Editor: Most Loudoun residents believe in the importance of the arts in our community. Certainly, the hundreds of artist-entrepreneurs who live in Loudoun County are an economic force. According to the Federal Bureau of Economic Analysis, the arts employ more than 4.7 million workers nationwide, creating 4.23 percent of our domestic product.
Much more importantly, the arts are the glue that binds us all together. A dance or musical performance, or an experience journaling, or learning a craft, connects us to our history and prepares us for new ways of thinking. Public art projects transform urban environments in ways that bring people together. When we use the term “culture,” we are referring to these shared understandings, this “created community.”
This past year we saw the closing of some prominent cultural programs. The LAC’s Arts in the Village Cooperative Gallery lost its lease in January. A forty-year-old performing arts institution, the Bluemont Concert Series, also closed its doors this year. Other arts organizations are struggling to find performance space and keep afloat. In this environment, we are more determined than ever to fight for a role for the arts in the development of Loudoun County.

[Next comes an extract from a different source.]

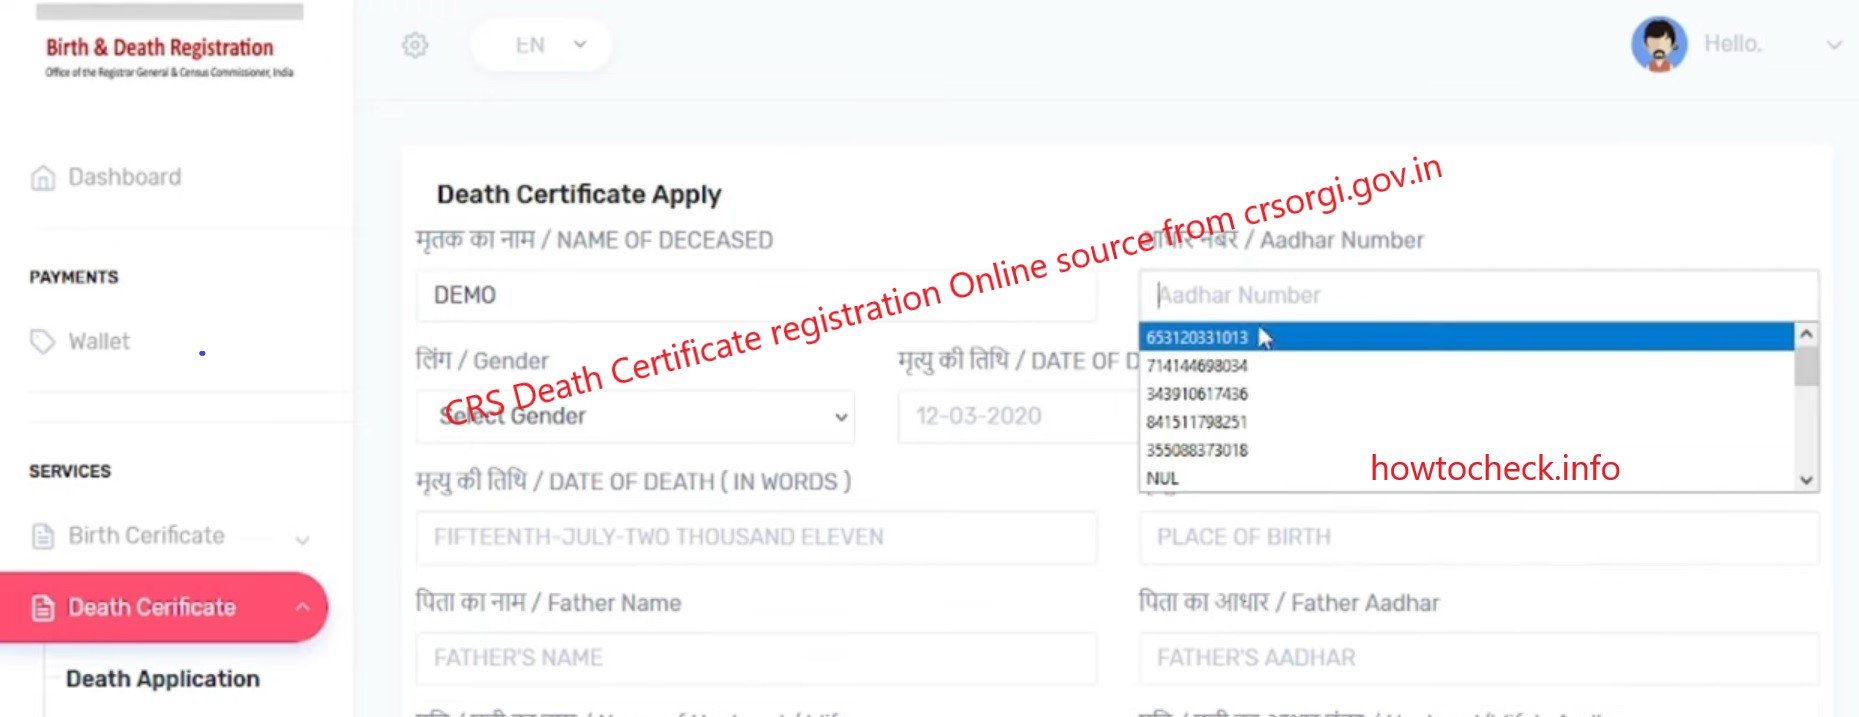 CRS Death Certificate registration Online source from crsorgi.gov.in

Scores of new construction projects are started here every year. As one of the most wealthy counties in the U.S., Loudoun seems to enjoy an embarrassment of riches when it comes to commercial development. It is indeed embarrassing to witness the small amount of attention paid to creative placemaking here compared to nearby Arlington, Fairfax, Prince William, Clarke, Shenandoah or Frederick counties.
Surrounding counties offer their residents several places to attend performances and make and view art. These facilities are funded a variety of ways, by crowdfunding, through dynamic partnerships between businesses, community groups, and non-profit organizations—and with local government support. This is something we can improve.

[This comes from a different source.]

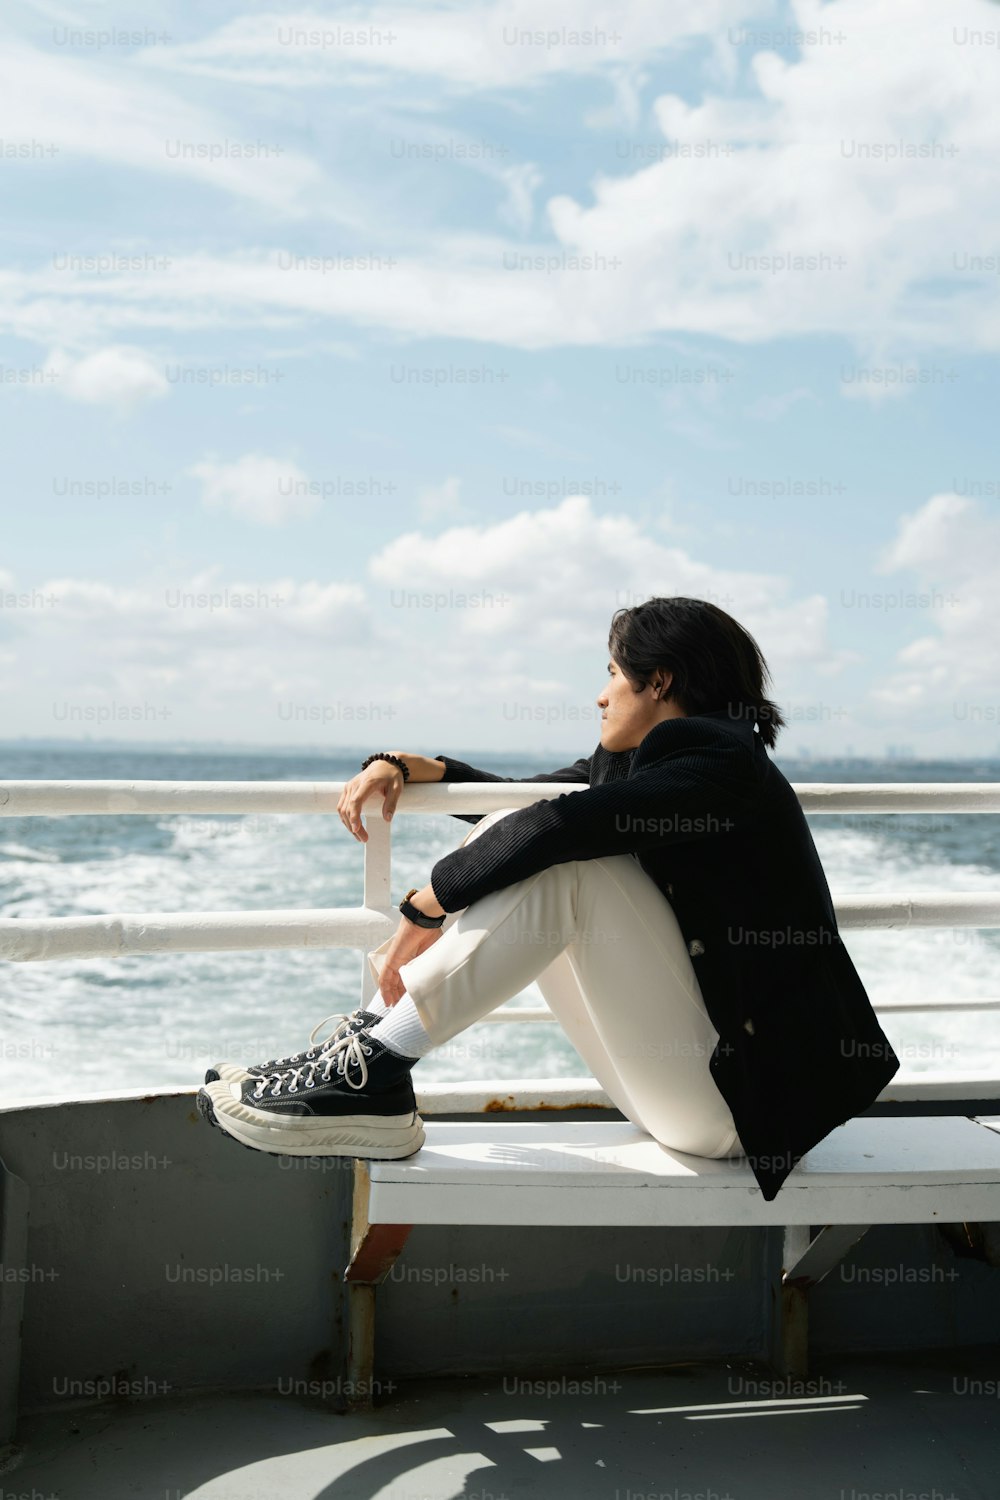 Una persona sentada en un banco cerca del océano

This year, we would like to join with all arts and community organizations in Loudoun to support our own local culture, and call for policy change. Arts facilities should have a central place in future development and redevelopment plans in Loudoun’s towns and urban areas. Monetizing every square inch of real estate won’t lead to lasting success. Strong communities have physical facilities dedicated to public life. We need those dedicated spaces in Loudoun.
It’s a big goal. We can’t do this alone. Most of our community arts groups are run, like the LAC, by just a handful of volunteers. The LAC, for example, has no paid staff. Everyone on the Board has—at least—one other job. These volunteers put in many hours supporting local arts organizations, recognizing and rewarding our young talent, managing grants, and creating new opportunities for working artists. Like other arts groups in Loudoun, we often feel like we are pedaling as hard as we can.
But, by coming together, with all of our various connections, we can have a much louder voice. In my last full year as Loudoun Arts Council president, I ask everyone to help create a new local arts coalition for this purpose. The arts deserve a place in our policymaking, and in our towns.